Wednesday, May 10, 2006

MoD vision :: Why

For too long dust, and all its associates and relatives, have been overlooked by the great museological institutions. They are full of it -- but they overlook it or, worse, mindlessly destroy it. The world needs somewhere that all the dust, shards, fragments and shadows can be gathered, displayed and conserved in an appropriate environment. MoD is laying down a heritage for future generations. History will be our judge.

1 Comments:

Blogger Director said...

Of course, that's the official explanation.

But if someone were to ask me, “Why Museum of Dust?” I would have no simple answer. The easiest way to explain it, I suppose, is as a vocation. It crept up on me, unlooked for, unexpected, and certainly unwanted.

At least initially. After a time, however, I came to accept the inevitability of this task. I was meant for this. THIS is why I was born.

Even as a child, I loved the shadows. I liked the back of things, the bits no one else ever saw. I remember rubbing my face on their rough burred surfaces and licking their tattoo of calligraphic texta scrawls. I devoured stories of improbable quests, of unlikely monsters and even more impossible protagonists. I liked to tear the last pages out of new books, before I read, savouring the delicious ambiguity of their new fate.

I came, slowly, to realise that the world itself is full with things that have been overlooked, that have been mislaid and forgotten. Things that briefly effloresced and then just as quickly putresce. That have waned and wasted, metamorphosing into misbegotten new forms. Things that have been worn by time into tattered veils, ghosts long before their deaths.

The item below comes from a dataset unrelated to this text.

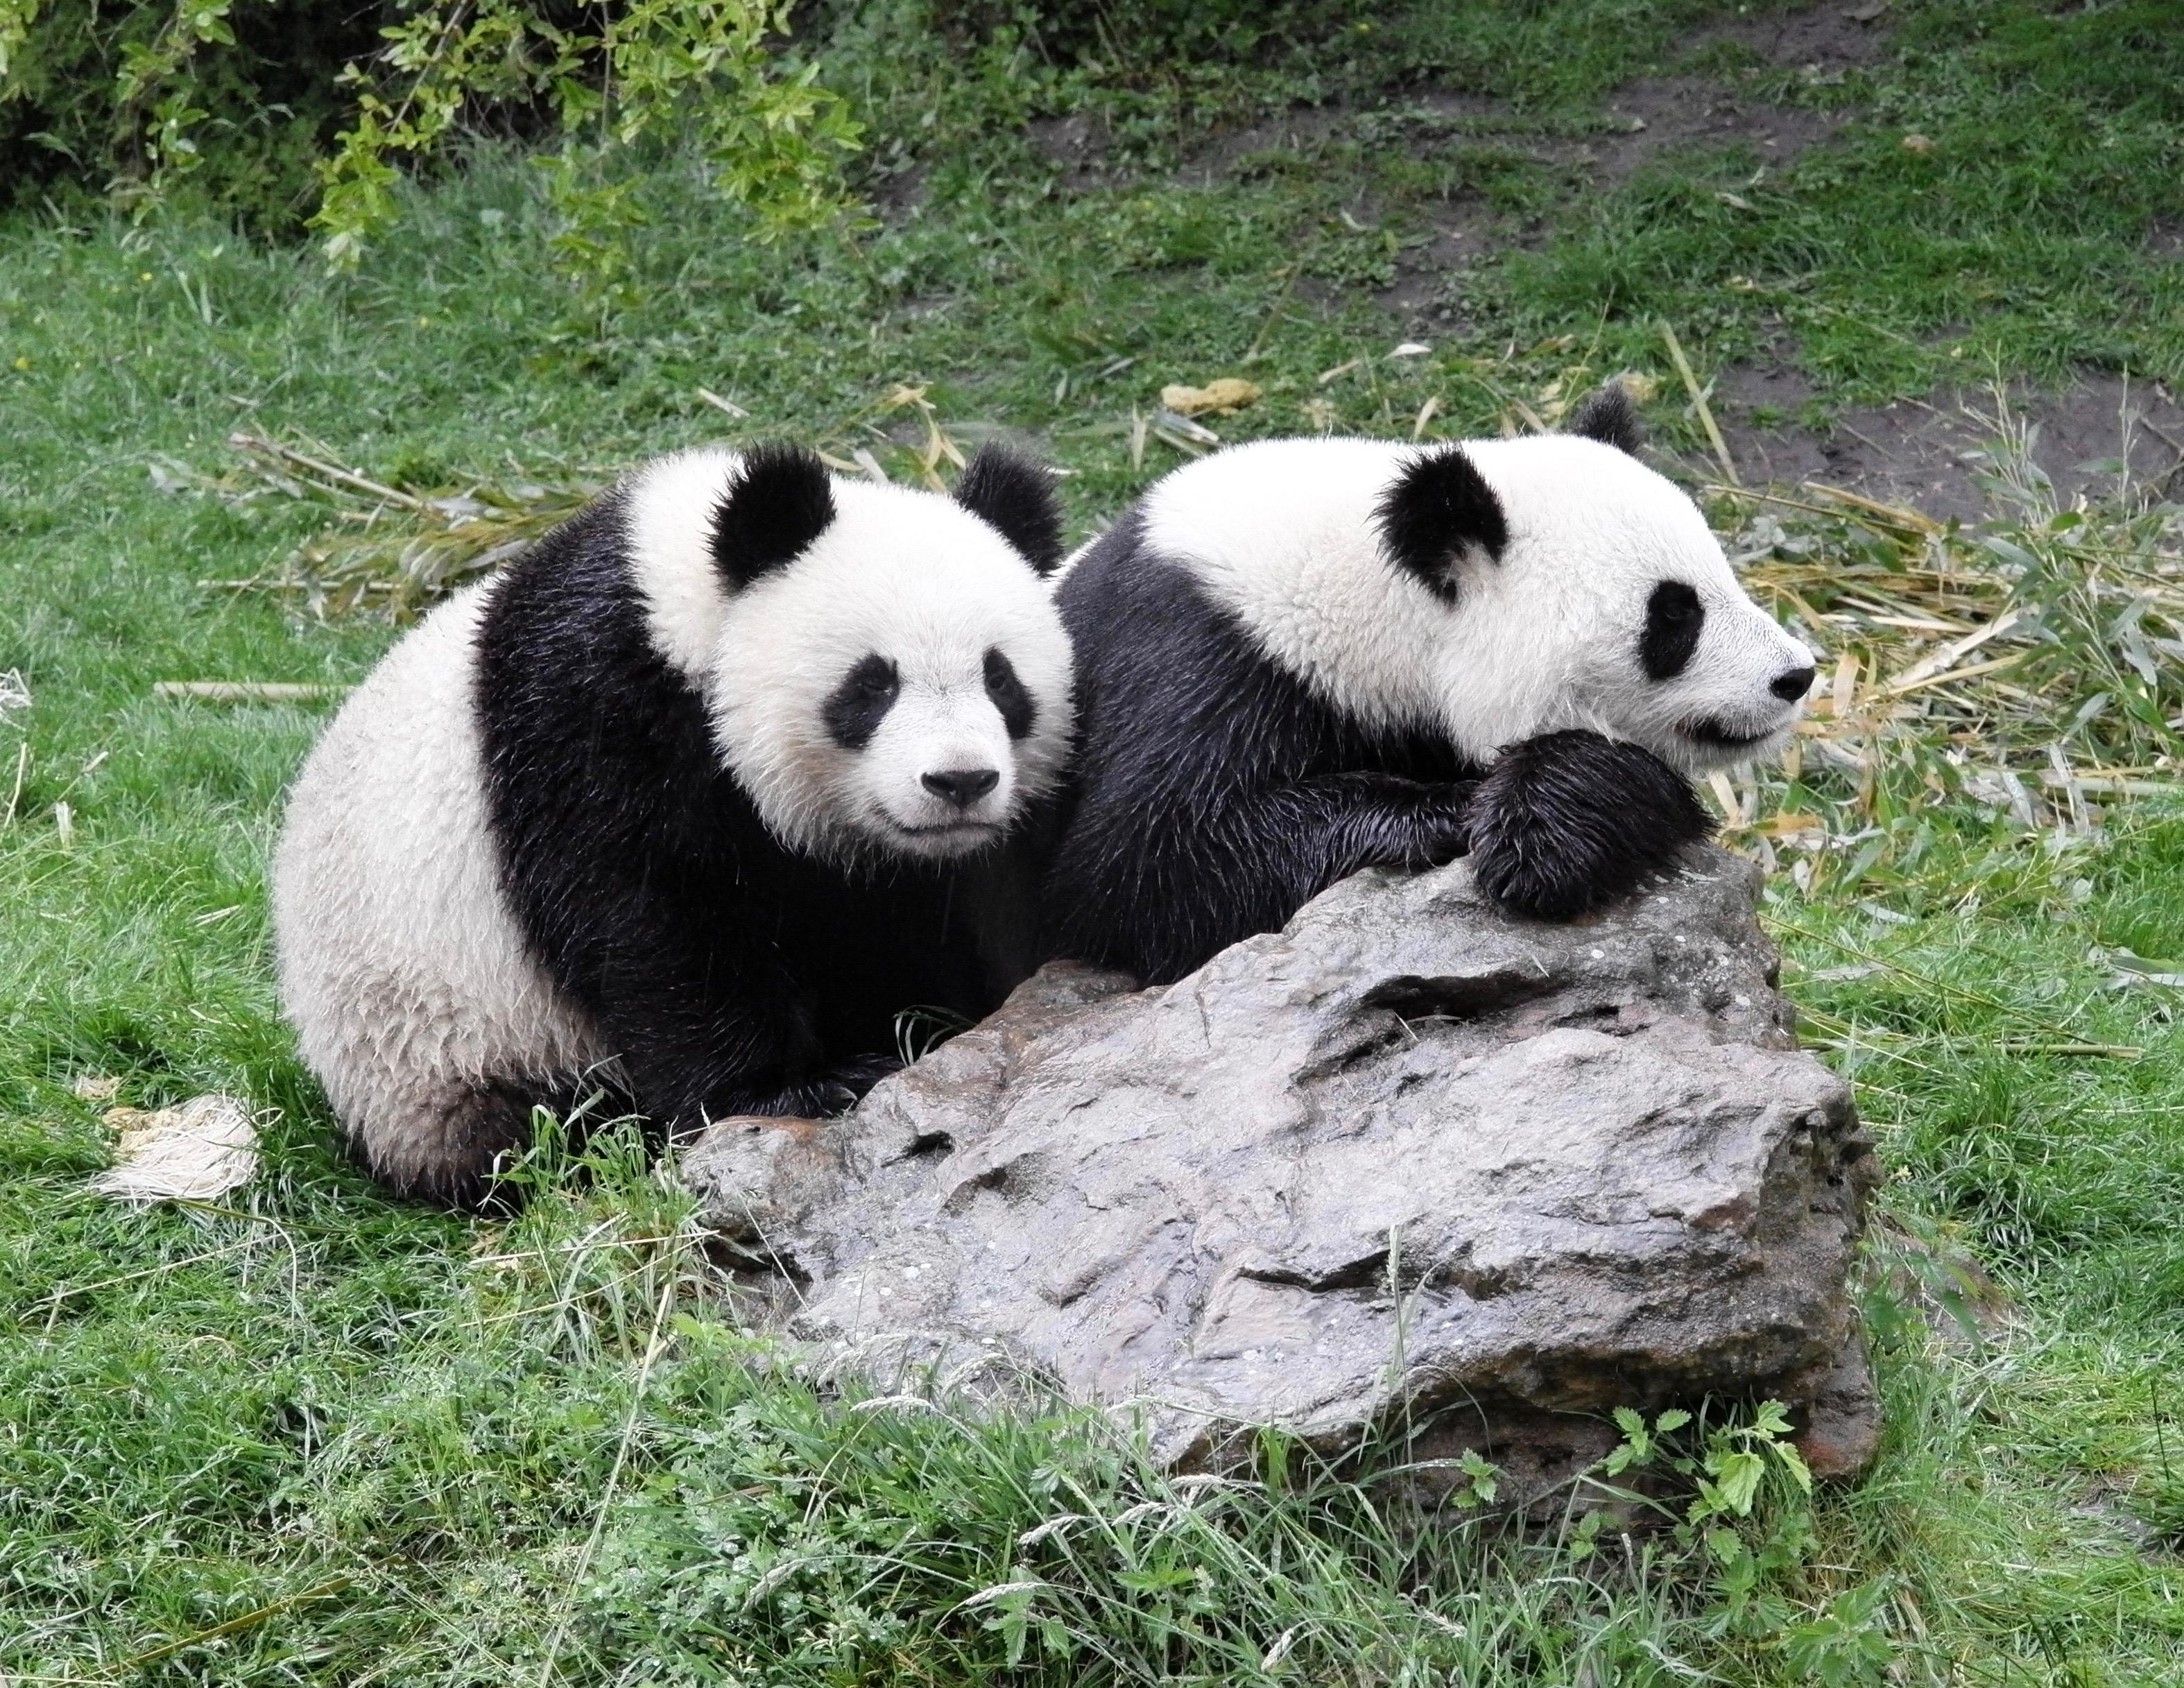 Große Pandas in Beauval als Betrachter der Betrachter

I came to feel that my own fate was somehow running parallel to theirs. I realised that I could give them respite from a cruel and uncaring world here, among their own kind. It is my fondest and most fervent hope that here in the Museum of Dust, the detritus of history and the victims of various cognitive and mnemonic failures can find a resting place and a safe harbour.

MoD was born from a pure impulse of sheer benevolence and sincere altruism.

It was never, as some have so viciously impugned, an attempt to challenge my respected colleague Musrum’s reputation. Nothing can overshadow his towering achievements, most particularly in the realm of gardening. One has only to have the merest knowledge of his Herculean struggles against the Weed king to realise that the world will not soon see again his like. I have nothing but the highest admiration for his achievements and my sincerest sympathy is with him as he courageously struggles to master his unfortunate terror of sponge cats.

And I am certainly deeply mortified that it was my ignorance of the nature of Musrum’s crippling psychological disability that led me to make the unfortunate mistake of sending Musrum a brace or two of sponge kittens and thus, arguably, hastening his subsequent complete decline and withdrawal from the world.

However, I think that it is very clear, on a feature-by-feature comparison, that Musrum’s collection, or ‘museum’ as he would have it, and MoD have little or nothing in common.